PROBLEM REQUIREMENTS ::
Before printing the listing, strip out its pictures and keep everything else exact.

DATA SECTION ::

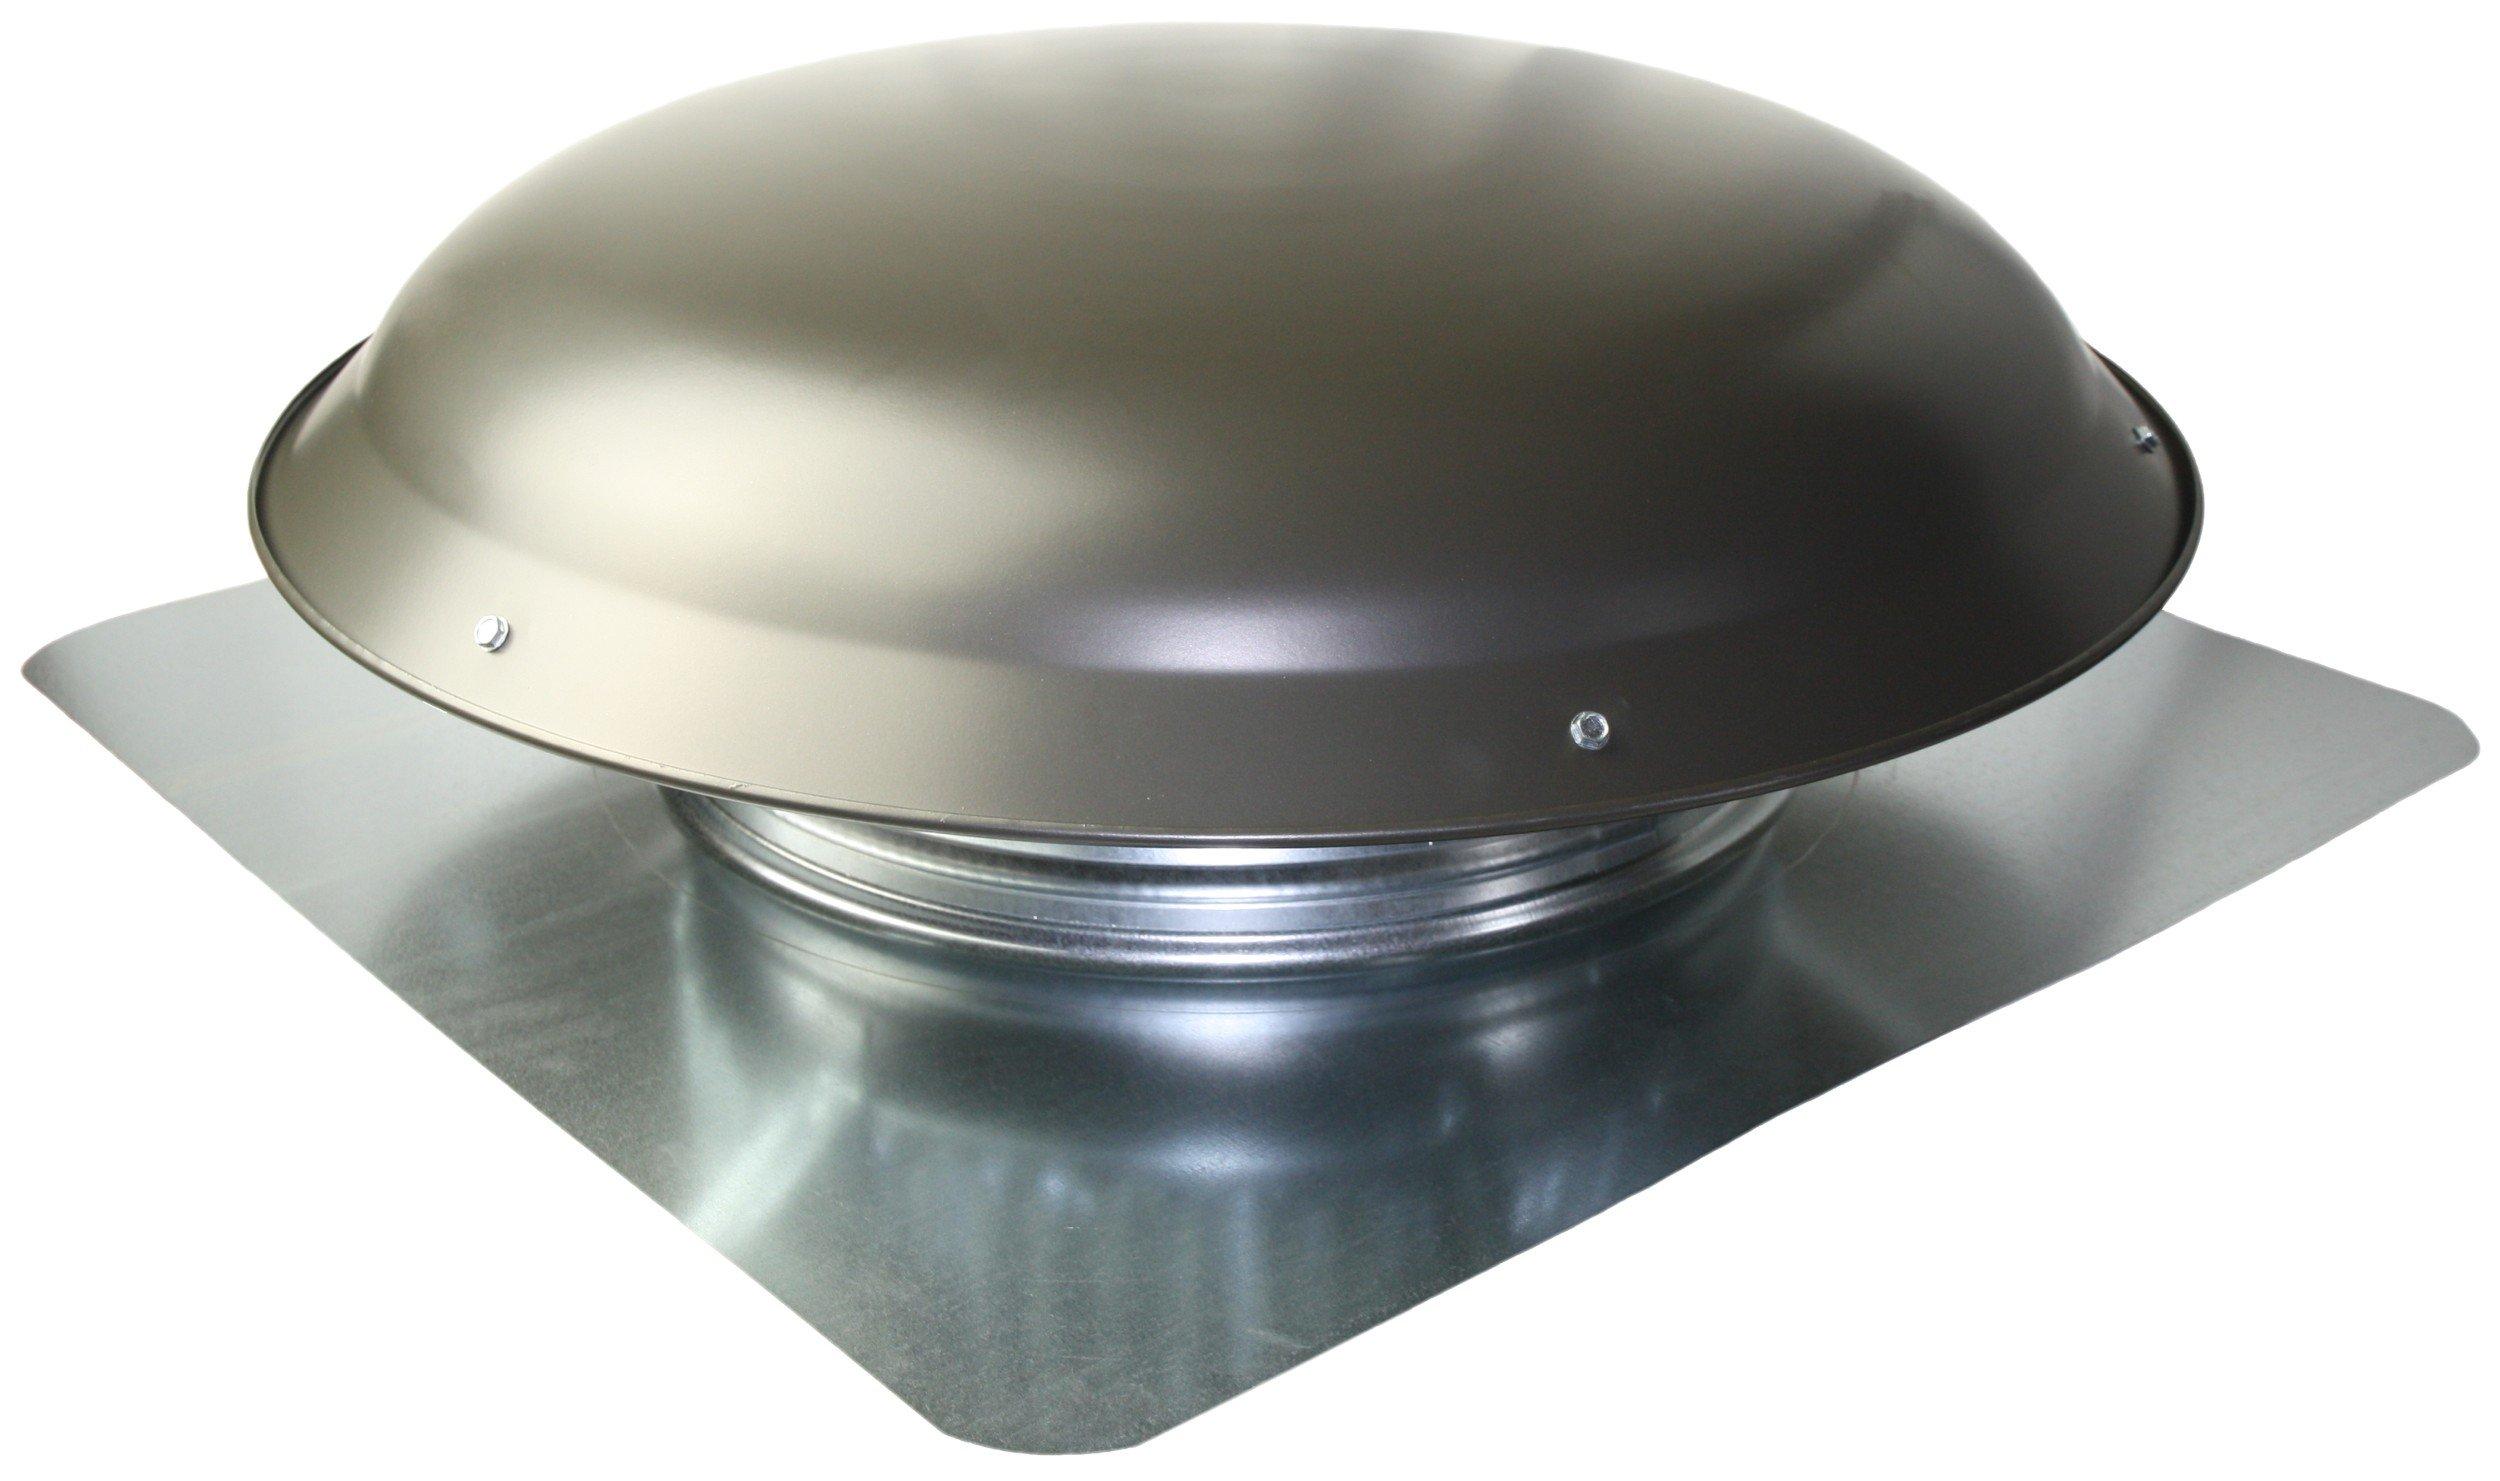 Ventamatic VX25 GREYUPS Static Galvanized Steel Dome & Flange Roof Vent, Weathered Grey,
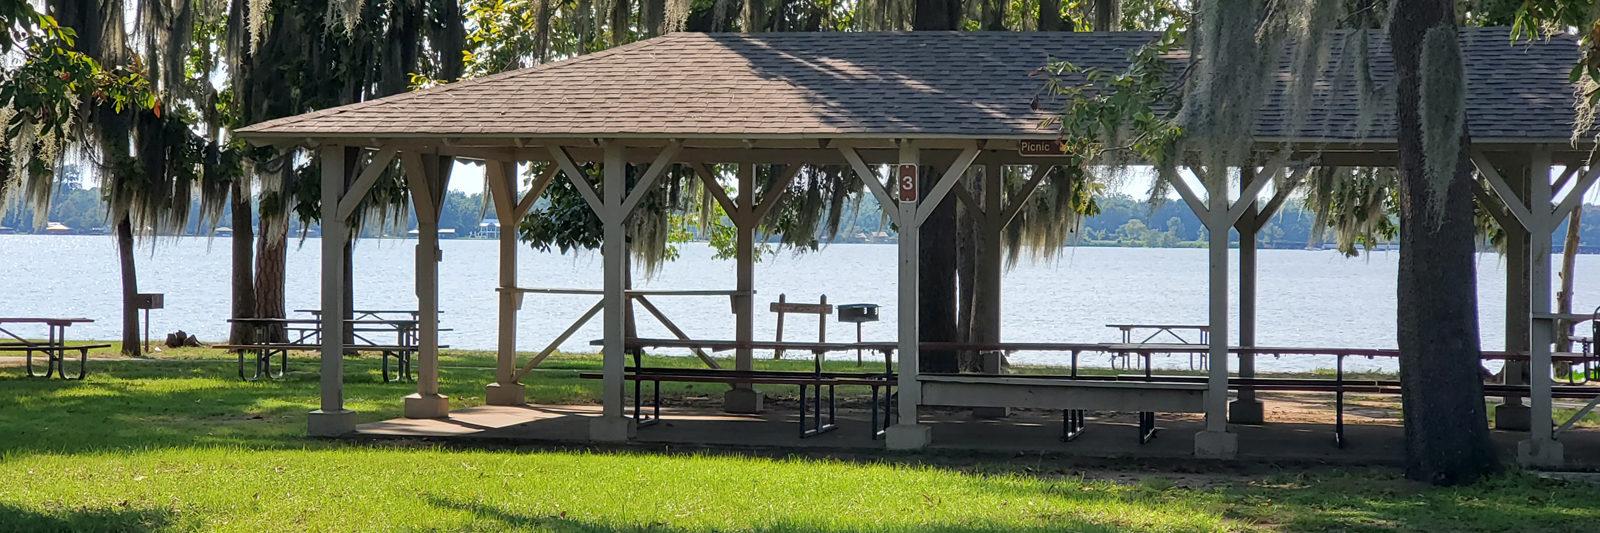 Lake Blackshear Header Picnic Shelters For Rent
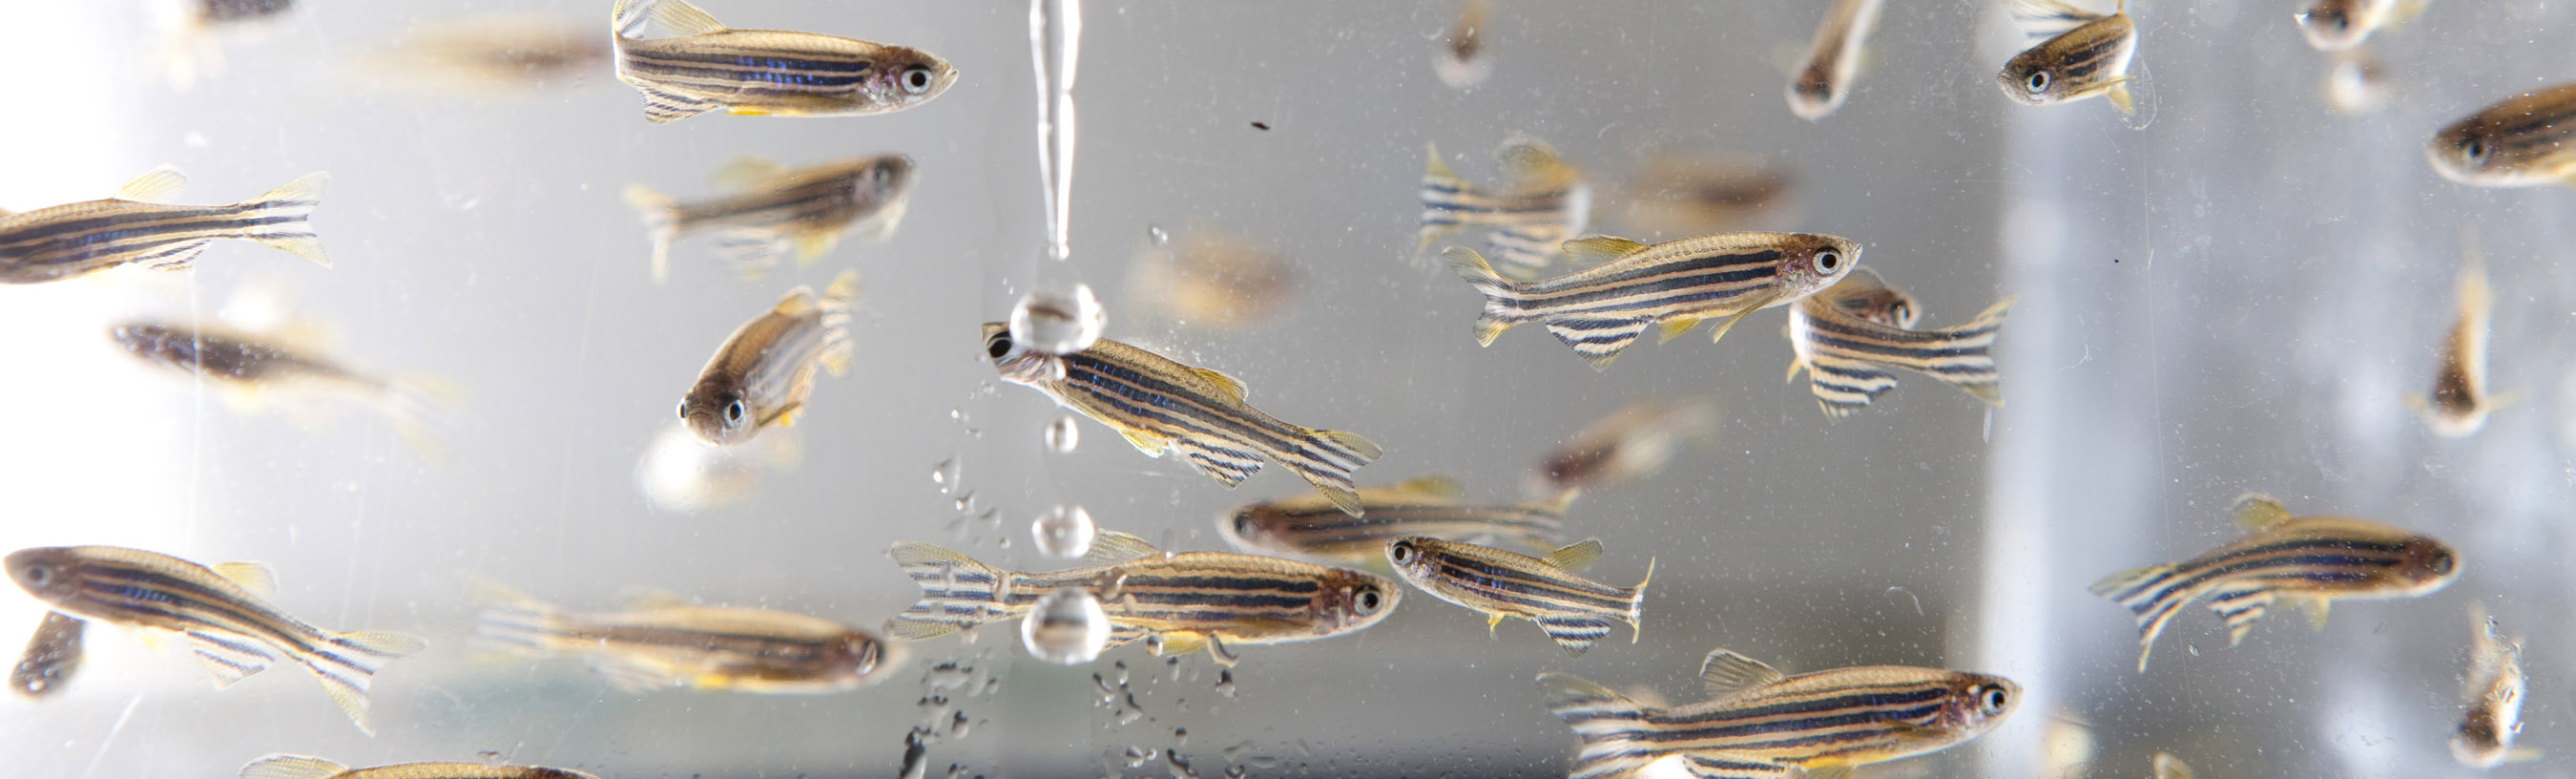 zebrafish_in_tank_crop, Zebrafish, Zebra fish, Zebrafish Core, ZAC, Zebrafish Aquacutlure Core, UNC Core Facility, UNC Core Facilities, Danio rerio

SOLUTION TO THIS EXERCISE ::
 Ventamatic VX25 GREYUPS Static Galvanized Steel Dome & Flange Roof Vent, Weathered Grey,
 Lake Blackshear Header Picnic Shelters For Rent
 zebrafish_in_tank_crop, Zebrafish, Zebra fish, Zebrafish Core, ZAC, Zebrafish Aquacutlure Core, UNC Core Facility, UNC Core Facilities, Danio rerio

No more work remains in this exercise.